PROBLEM REQUIREMENTS: Write the listing out again exactly as it stands, with no images.

DATA BLOCK Start Marker

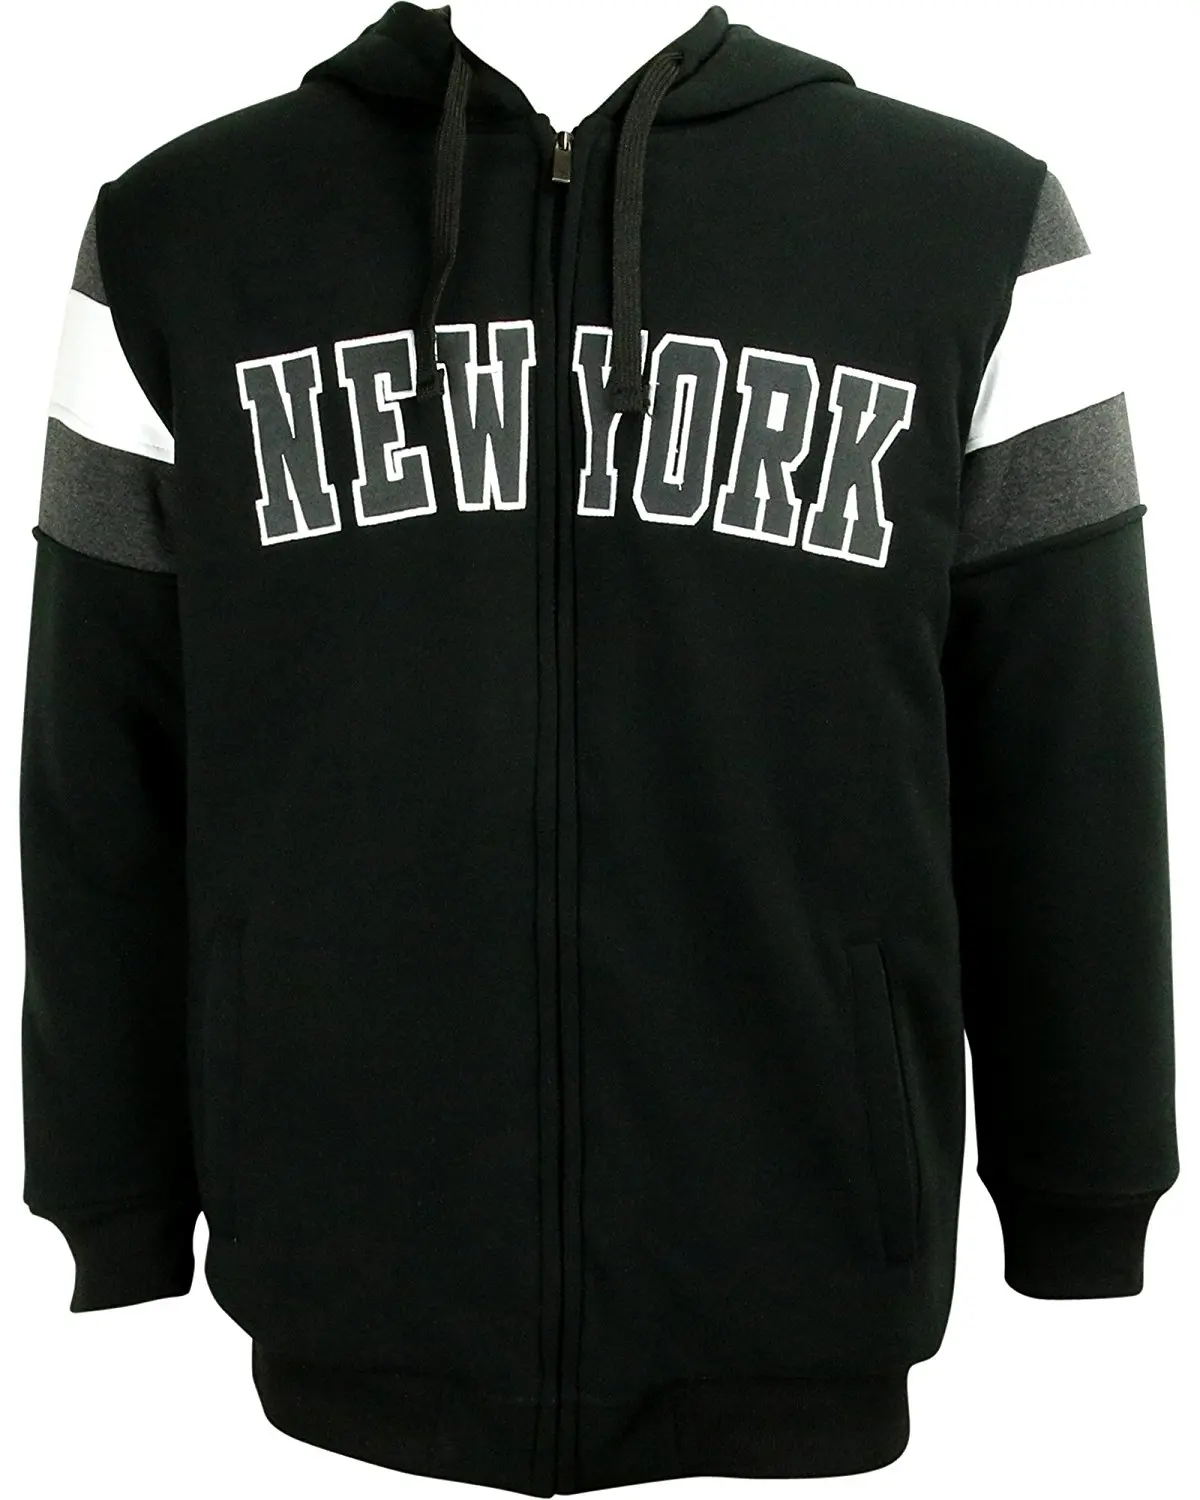 Cheap New York Varsity Jacket, find New York Varsity Jacket deals on ...
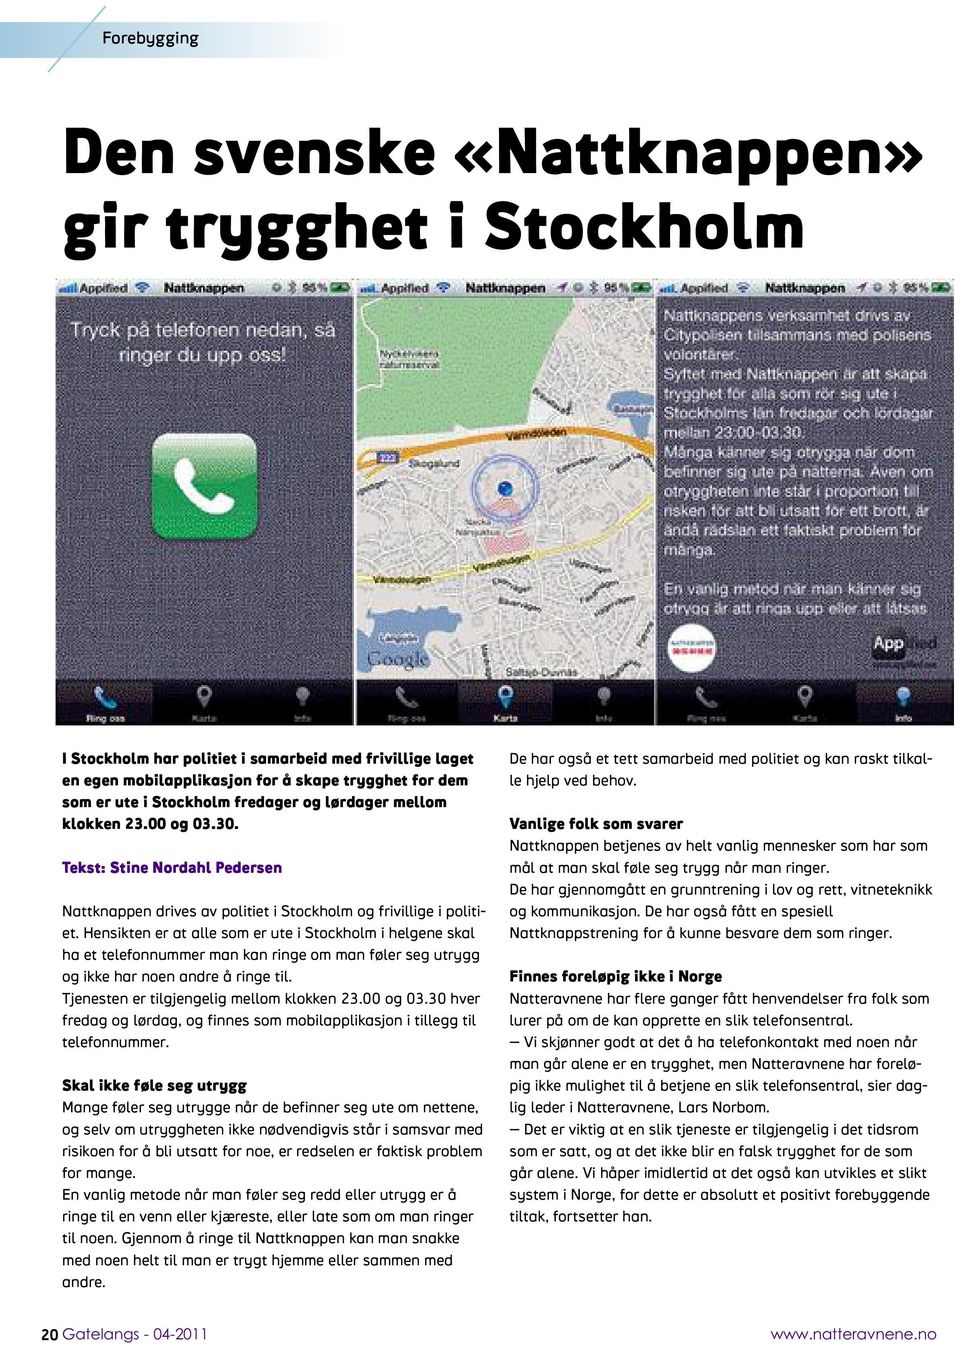 Hensikten er at alle som er ute i Stockholm i helgene skal ha et telefonnummer man kan ringe om man føler seg utrygg og ikke har noen andre å ringe til. Tjenesten er tilgjengelig mellom klokken 23.
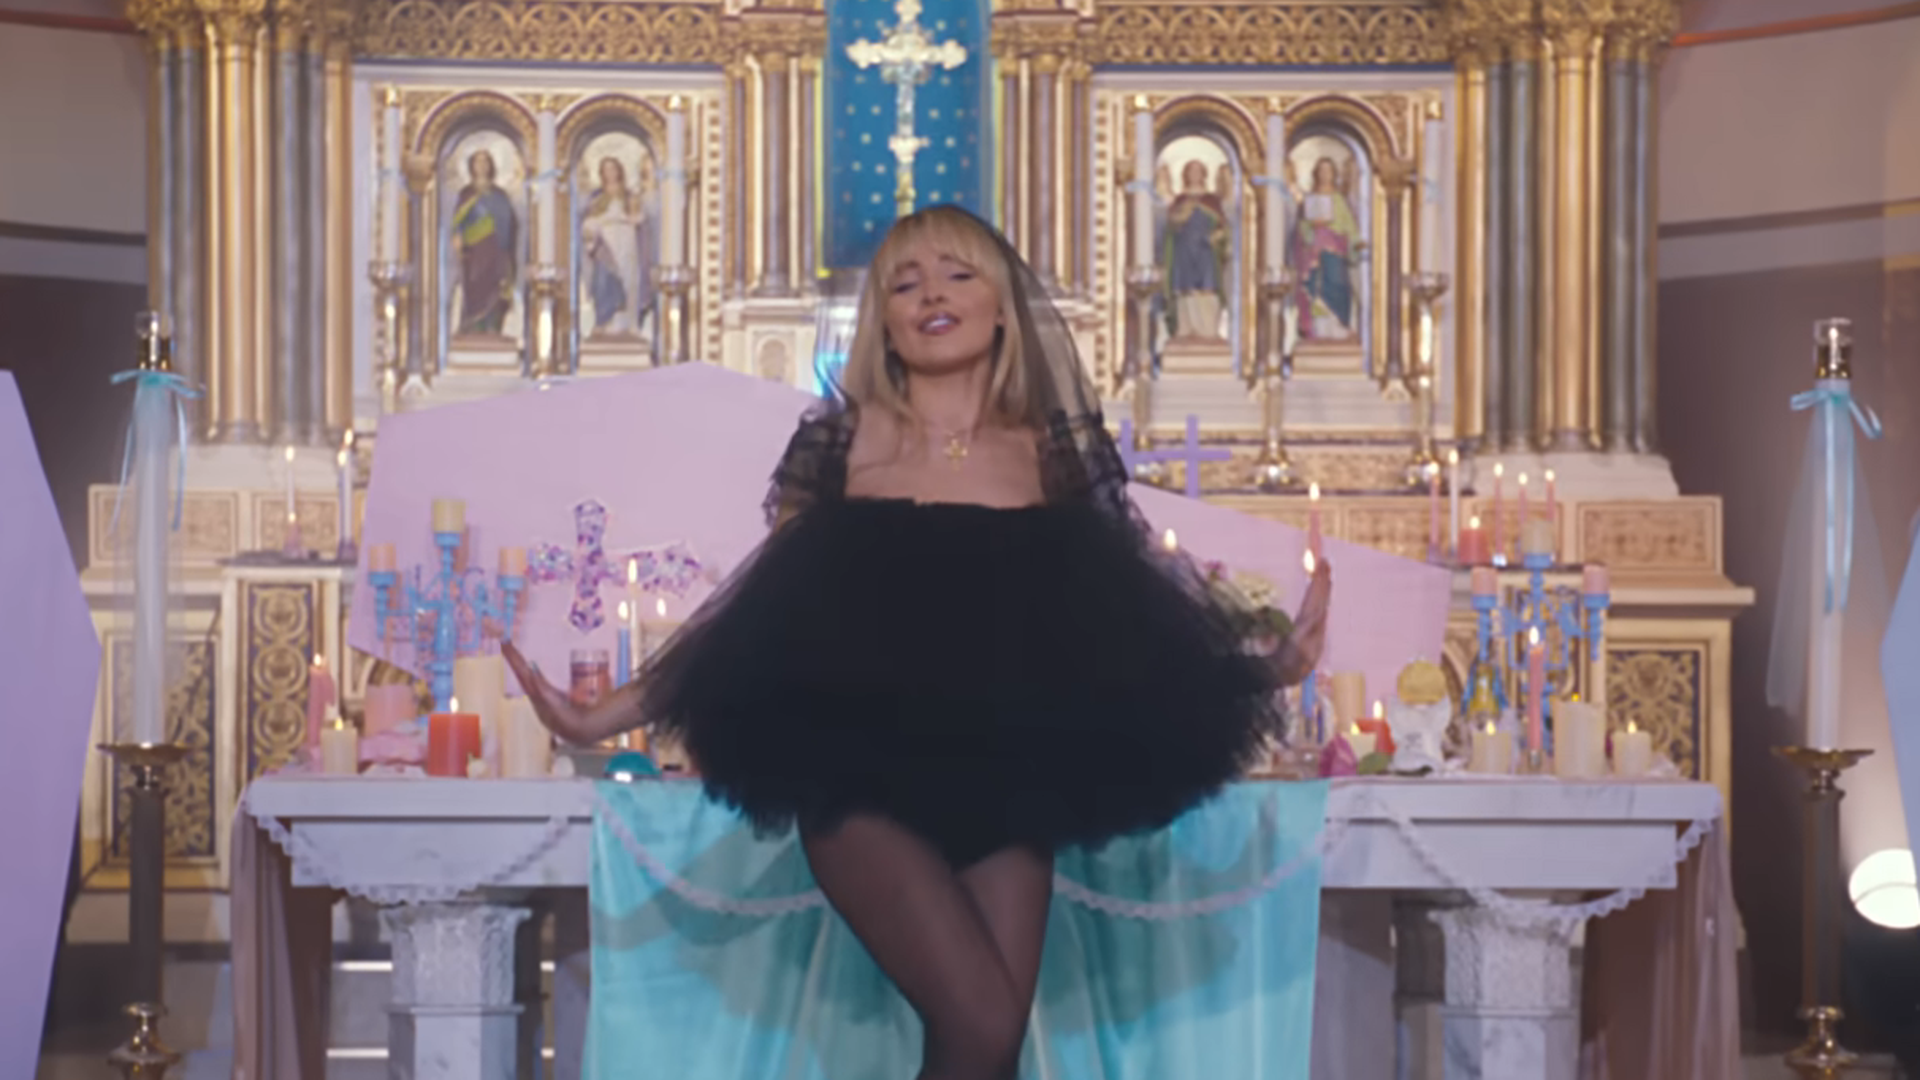 Pjevačica snimila provokativni spot u crkvi: Katolici bijesni, a svećeniku oduzete dužnosti...

DATA BLOCK End Marker

FINISHED EXERCISE:
 Cheap New York Varsity Jacket, find New York Varsity Jacket deals on ...
 Hensikten er at alle som er ute i Stockholm i helgene skal ha et telefonnummer man kan ringe om man føler seg utrygg og ikke har noen andre å ringe til. Tjenesten er tilgjengelig mellom klokken 23.
 Pjevačica snimila provokativni spot u crkvi: Katolici bijesni, a svećeniku oduzete dužnosti...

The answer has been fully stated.